I had that BSOD on my Dell could not get away from no matter WHAT I did.
I did 4 different tests. When I could not get rid of it I Called DELL.

The guy took me through 6 tests 4 of which I had done 2 new ones i had not thought of, and it was those other 2 that told him the DRIVE WAS OK.

BUT the ONLY thing, and I mean the ONLY THING left was to do a COMPLETE HARD REFORMAT. 
Which means I lost everything that was on that computer, EVERYTHING~!
Course I had ALL CD's from utilities to OS to all the other CD's that were installed on the computer when new. 

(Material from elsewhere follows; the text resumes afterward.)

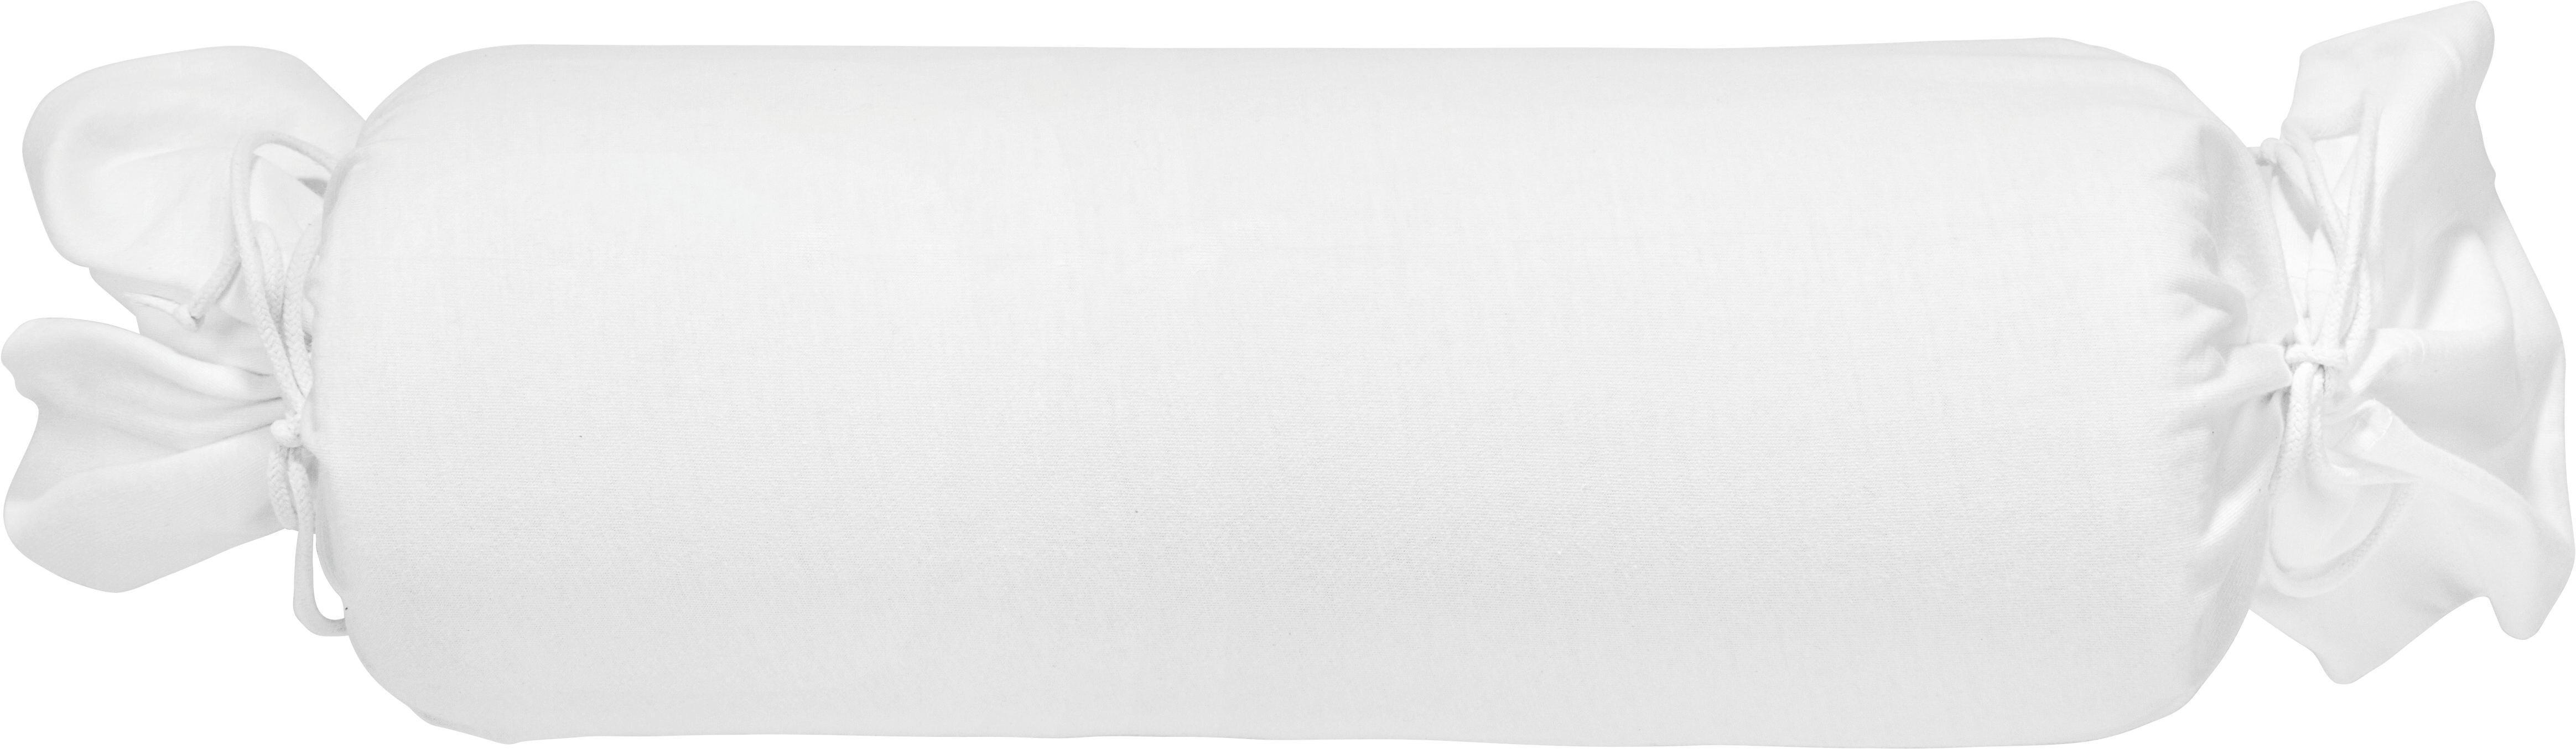 Povlak Na Polštář Basic - bílá, textil (15/40cm) - MÖMAX modern living

I did this HARD REFORMAT and when the computer started back up the ONLY thing showing on the desktop was the TRASH CAN. LOL

I had to INSTALL everything, and I mean everything.
Once I got that done, BINGO it was fixed and no more BSOD. The tech guy from DELL called me back to make sure I had it back up and running I did and I thanked him for being so nice and very helpful and caring~!.
Now several years later I can't remember what all those tests were now, but I do know it was preformed while in the DOS Mode.~

And oh ya the HD Lasted another 6 years before it and a few other things made me dump it and get this iMac. LOL 
So a "Blue Screen of Death" does not always mean the drive is bad.


----------



## handymama (Aug 22, 2014)

Bad hard drive has just been our personal experience.


----------



## arabian knight (Dec 19, 2005)

handymama said:


> Bad hard drive has just been our personal experience.

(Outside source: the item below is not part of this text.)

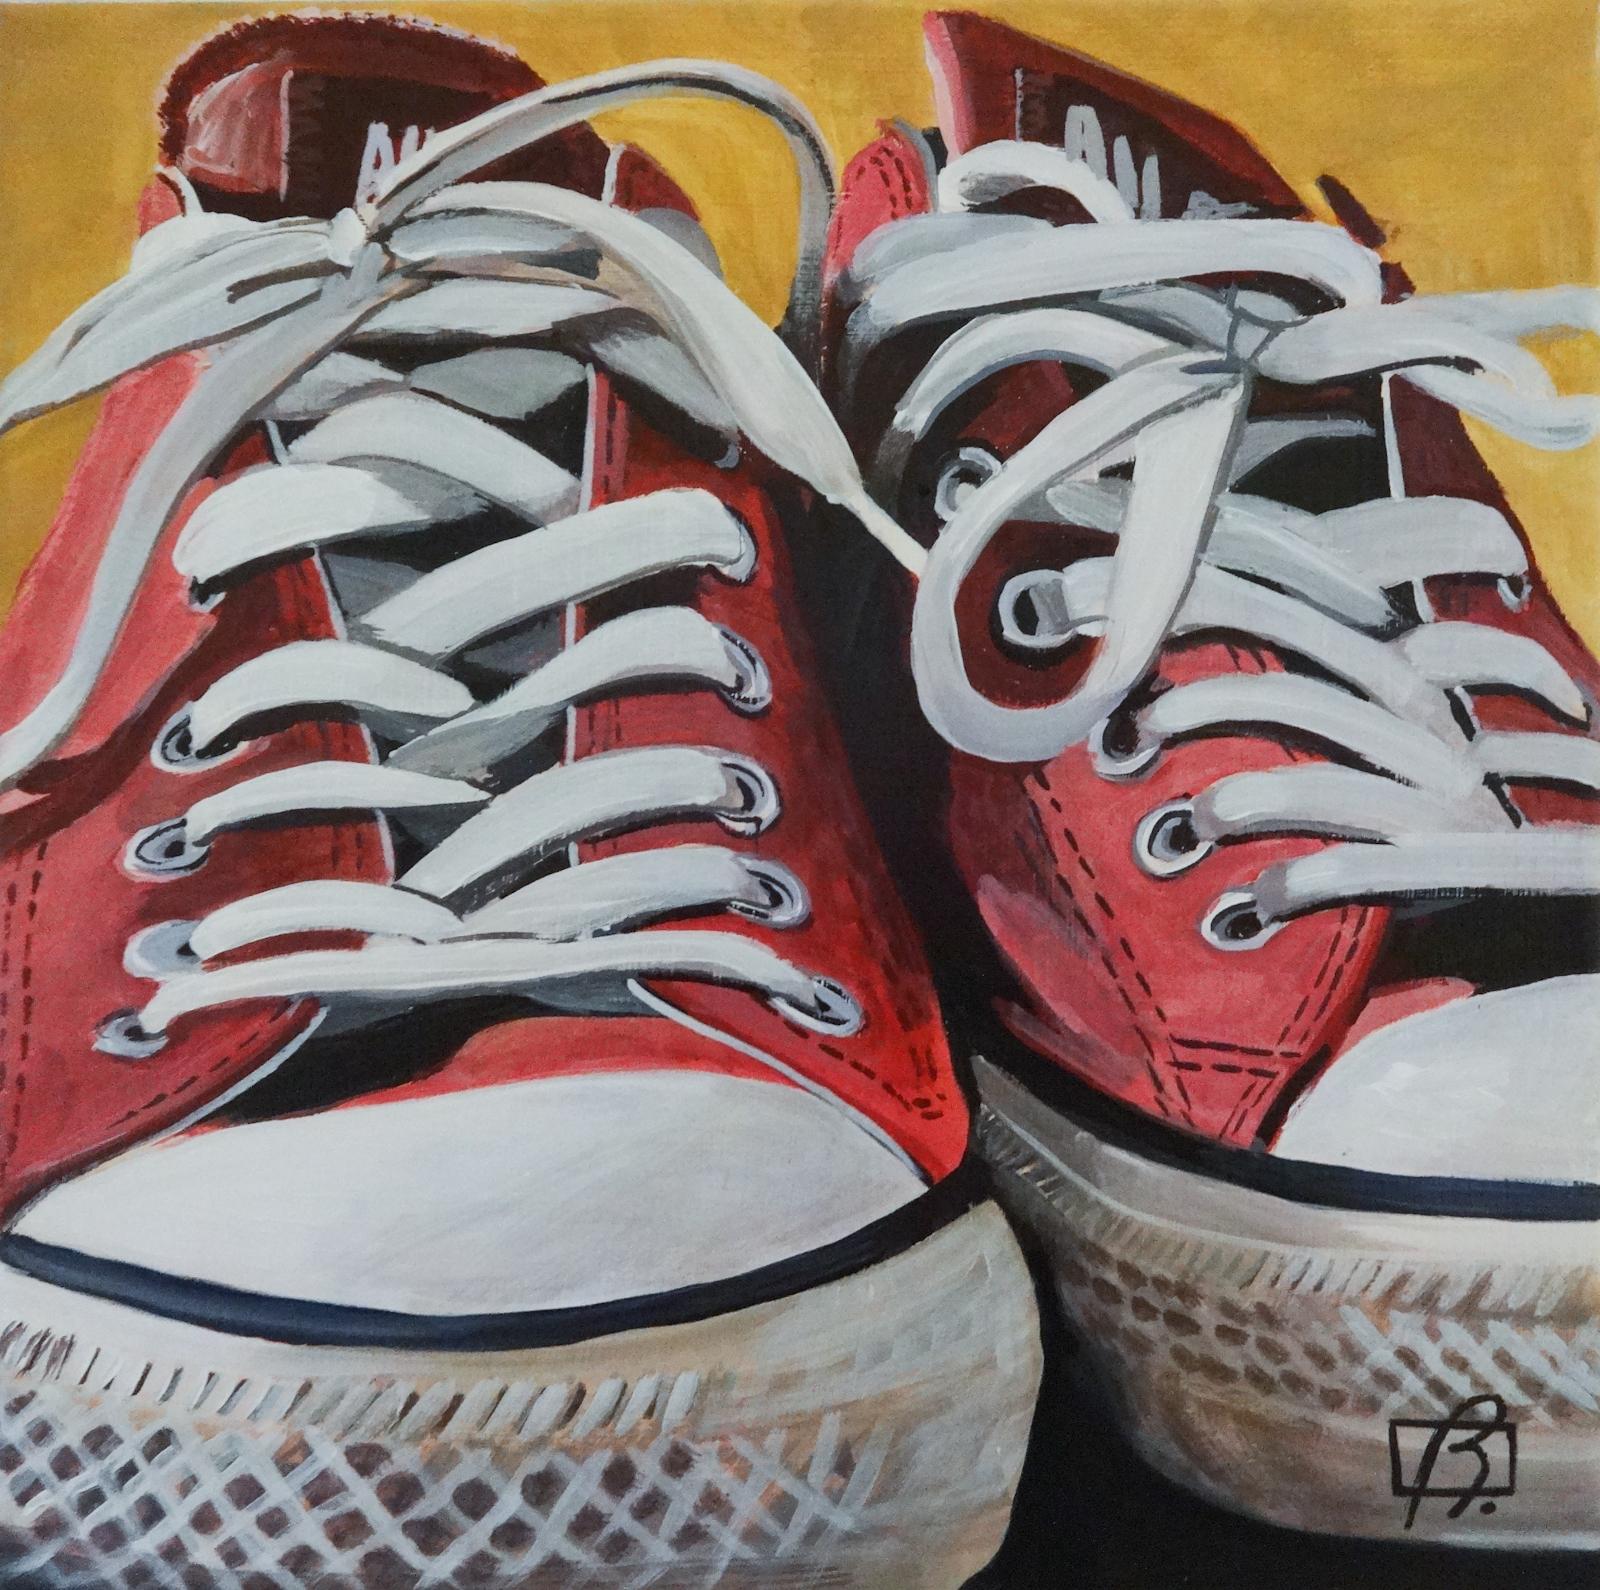 994cf7d0a1f8 Orange Converse . (c) 2015 . Andre Beaulieu

 As close as the Read/Write head is now days to the 7200 rpm spinning drive I am surprised there are not more drive failures. And depending on the computer you may have 1 platter of two, and even if one there are two R/W heads One on top of the drive and one underneath. 
That distance now is just a few millionths of an inch. Just a cushion of air separates.


----------



## mnn2501 (Apr 2, 2008)

MichaelZ said:


> What you should do here ASAP, if you have not already done so, is transfer all files you want to save onto CDROMs or an exterior hard drive. The exterior hard drive is a great thing to have - you can put ALL your files on it and then transfer to a new computer at your leisure.


Flash Drive (also called a thumb drive) works best.

As an IT professional, Software and even the Operation System(which is also software) is the #1 cause of BSOD.
Its almost never hardware - you'll get other errors for that.


----------



## Nevada (Sep 9, 2004)

I don't pretend to know exactly what's going on, but if chkdsk is giving you a clean bill of health I don't think the hard drive is going out.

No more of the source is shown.